The Bulgarian rose production is popularised every year during the Festival of Roses. This festival of the roses originates from the celebrations held at the beginning of the rose-harvesting period. Old rose growers used to organize pageantries in which manufacturers paraded, dressed up in rose flowers. The first rose festival in Kazanlak took place in 1903. Few years later, a similar fest was organized in the town Karlovo, situated in the same area - Rozova dolina (Rose valley) and also famous with its rose production. The first celebration on a national level was held in Pavel Banya on June 4, 1967. Manufacturers from the whole valley, together with masked dancers, called “koukeri” were singing and dancing during the whole fest. This type of celebrations became traditional in Kazanlak and later on in Karlovo too. The festival of Roses can be viewed as a tribute which is paid to beauty every year. Three main events are interesting for the guests of the festival - the electing of Queen Rose, the harvesting ritual in the rose gardens and the parade along the streets of the town. The rose industry has long ago proved its primary importance as a means of sustenance for the people living in the Rose Valley. For them, it has become become a way of approaching Nature.

Bulgarian monasteries
During the Bulgarian Revival, the monasteries served as centers of artistic and educational activity. There are still many working monasteries in the country – Rila Monastery, Bachkovo Monastery, Troyan Monastery, Zemen Monastery, Glozhene Monastery, Kilifarevo Monastery, Shipchenski Monastery, and others.

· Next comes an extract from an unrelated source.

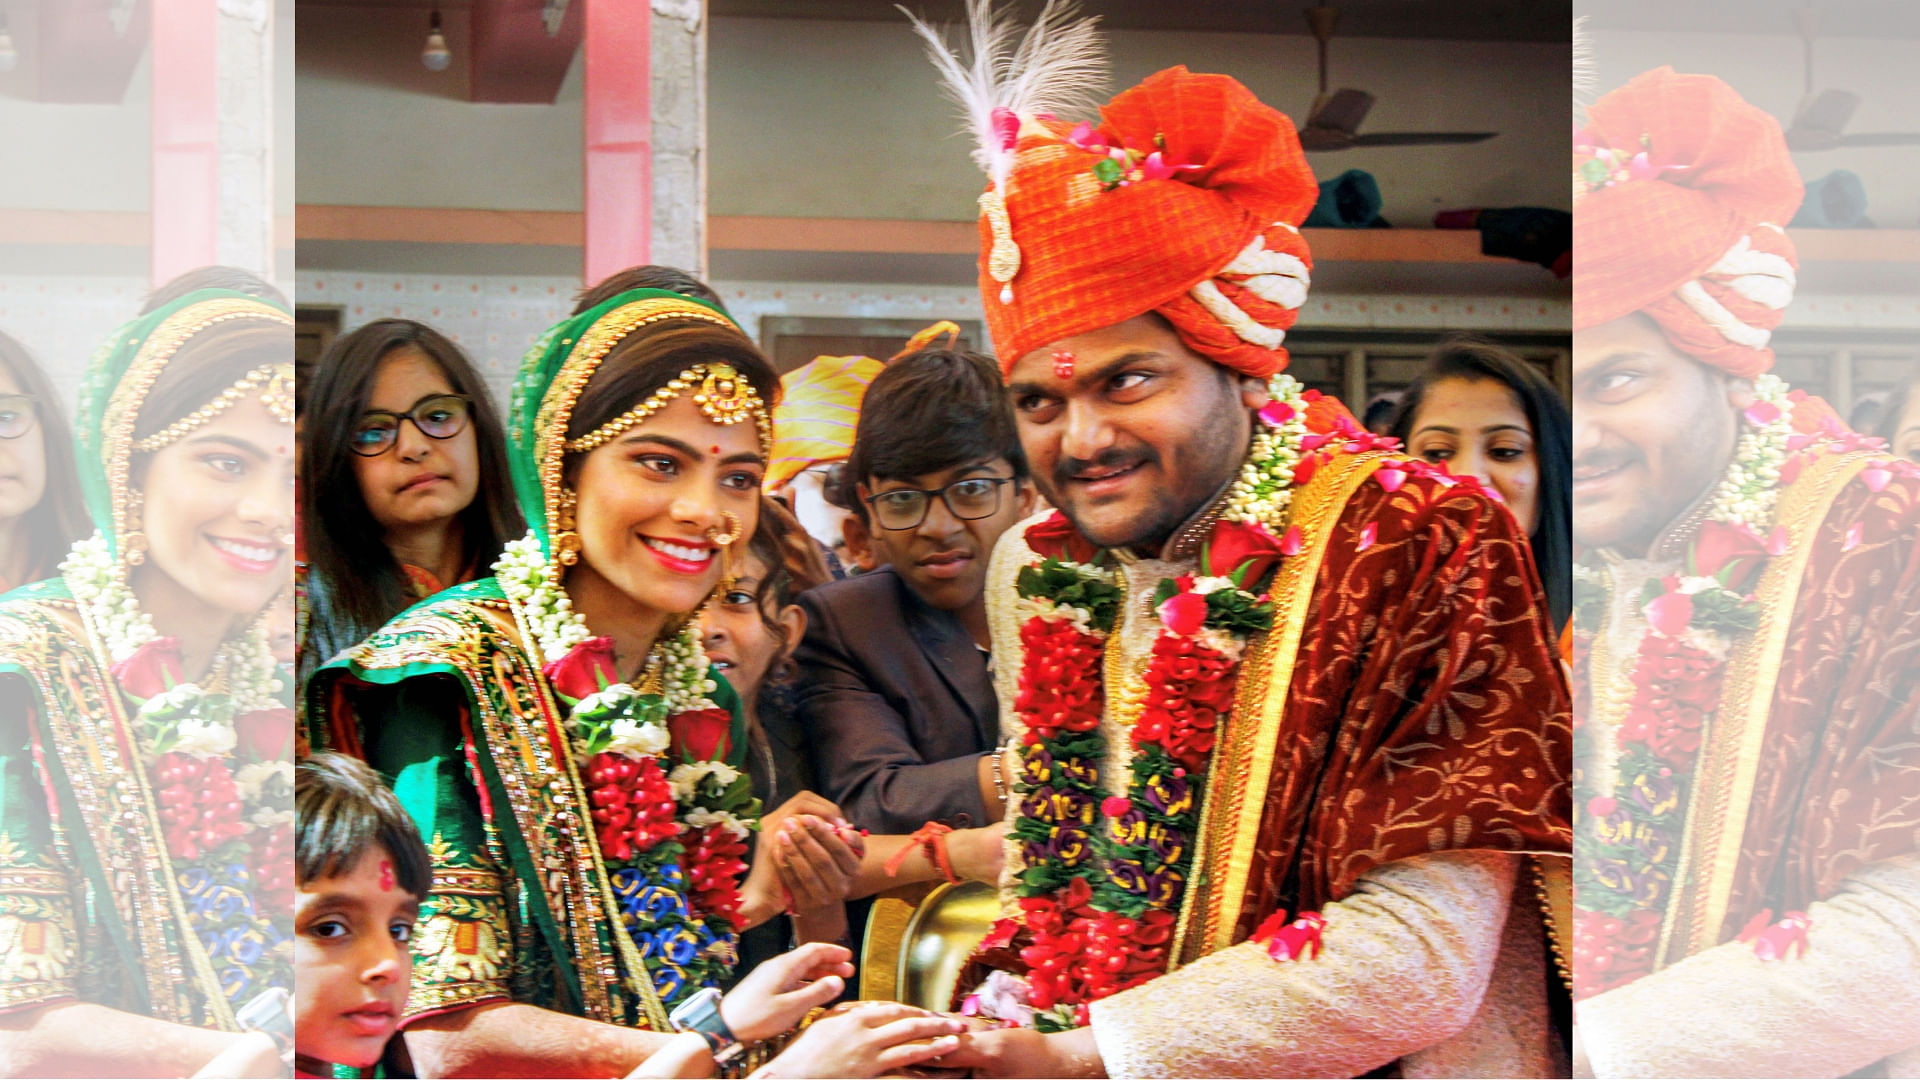 Hardik Patel got married in a close ceremony of only about 100 guests.

Our country is also famous for its well-established national traditions of icon painting and wood carving. The best known icons and carvings are from Samokov, Tryavna and Bansko.
The Bulgarian national costume is an intrinsic part of Bulgarian lifestyle and culture. Over the ages, folk costume designs have been influenced by Thracian, Slavonic and ancient Bulgarian motives. The basic article of clothing is a white shirt with long sleeves, worn under vests and coats of various shapes, materials and decorations. There are four types of national female costumes: the single apron, the double apron, the tunic, and the sayana, and there are two types of national male costumes: white-shirt and black-shirt. Each ethnographic area (Dobrich, Pirin, Rhodope, Northern, Thracian and Sofia) has its own typical workday, holiday and wedding costumes.